Dust kicked off from the surface of the Moon will stay in the atmosphere for around 3 hours. Apart from this, electrically charged particles could be levitated by electrostatic fields with a strength of >500 V cm^{−1}.
This cloud of dust, near the lunar terminator line, forward scatters the light, creating a glow near the horizon during lunar sunset. Dust particles 10 micrometers in diameter are thought to rise over 10 km from the lunar surface. The levitation mechanism is thought to eject 10 million more particles per unit time into the cloud than those caused by
micrometeoroid impacts. The term "Moon fountain" has been used to describe this effect.

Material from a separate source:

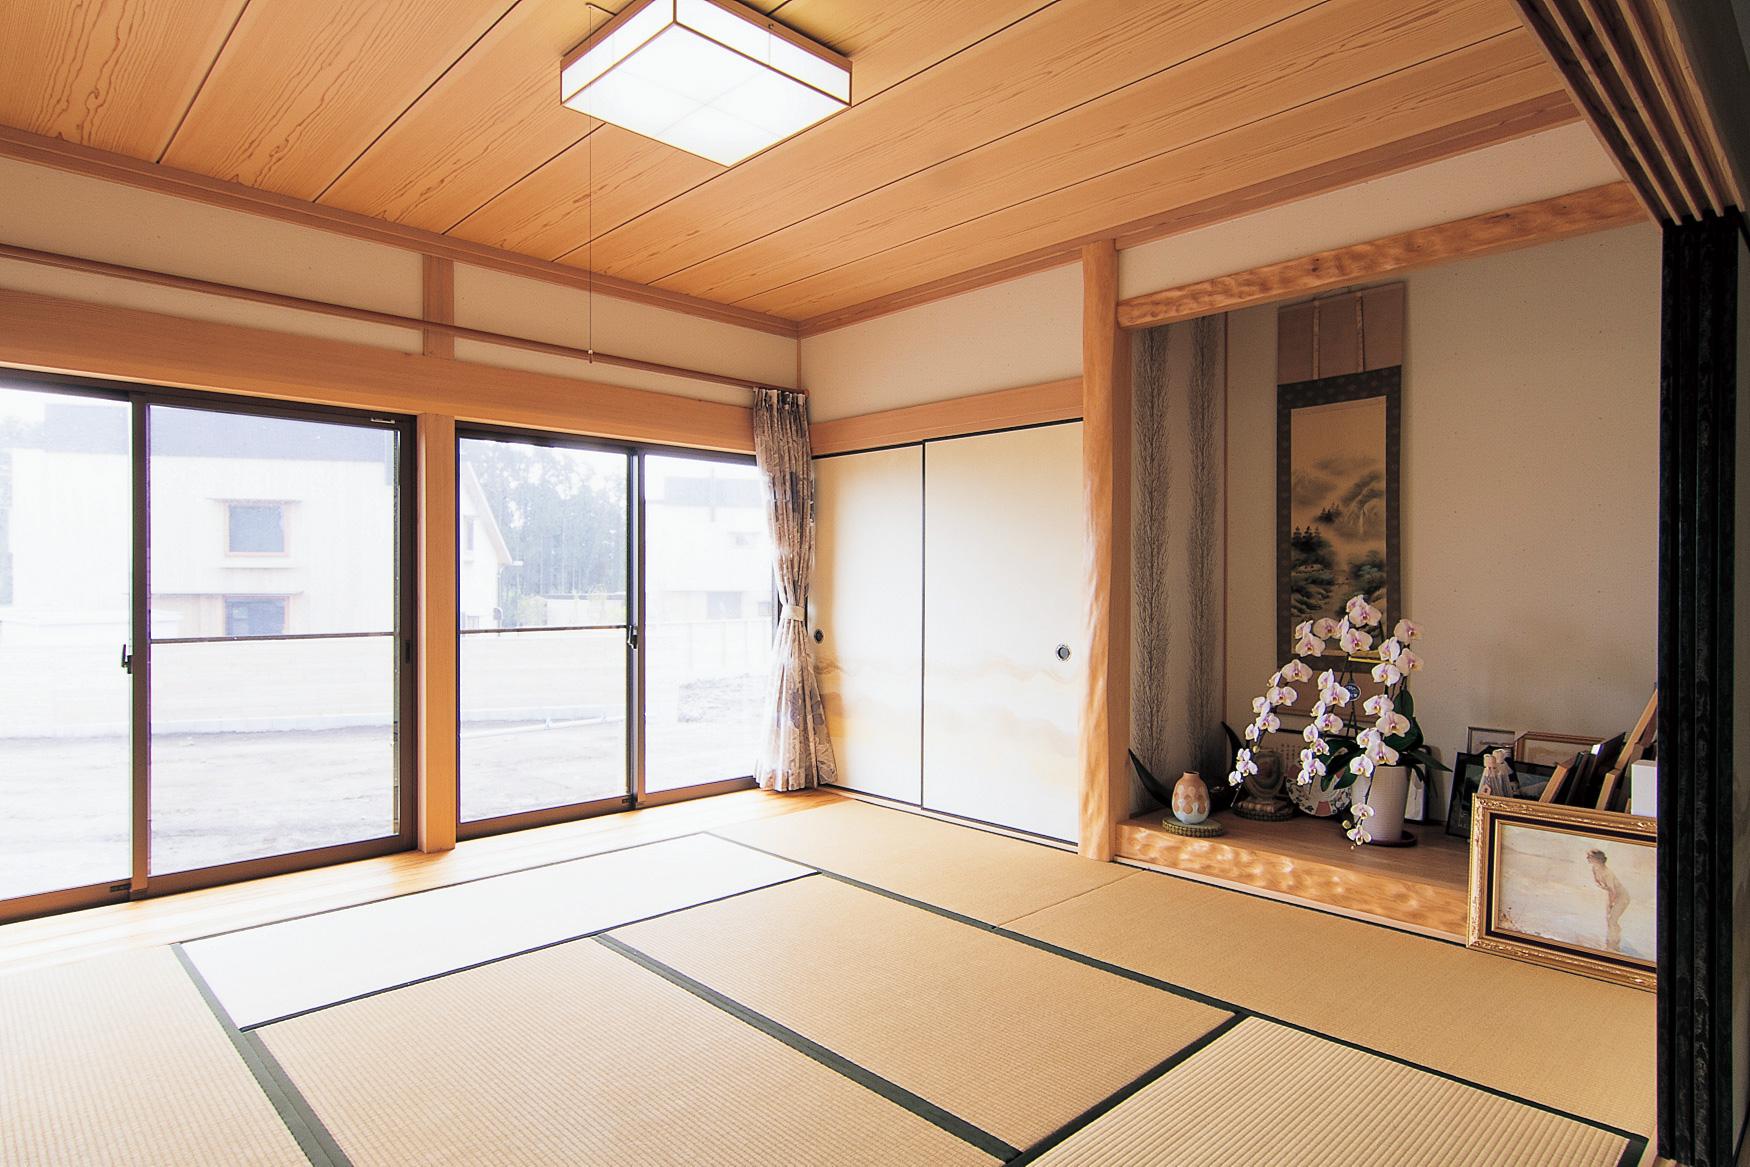 客間としても使う和室はゆとりある広さを確保。光と風を通す開口も大きい。腰板の見切り部分は面を取り、掃除しやすく

During the lunar day, infrared rays and ultraviolet rays from the Sun are strong enough to knock electrons off the dust present on lunar surface. These positively charged particles get repelled from the surface kilometers high. On the night side, the dust is negatively charged by electrons from the solar wind. Particles at the night side achieve greater electrical tension differences than the day side, launching dust particles to even higher altitudes. This dust eventually falls back to the surface, and the cycle repeats.

In celestial bodies without any significant atmosphere, electrostatic transport is believed to be the leading cause of dust transport. Laboratory experiments show that dusty surfaces tend to become smooth as a result of dust mobilization. This phenomenon is thought to explain the process of dust ponds in the asteroids 433 Eros and comet 67P/Churyumov–Gerasimenko.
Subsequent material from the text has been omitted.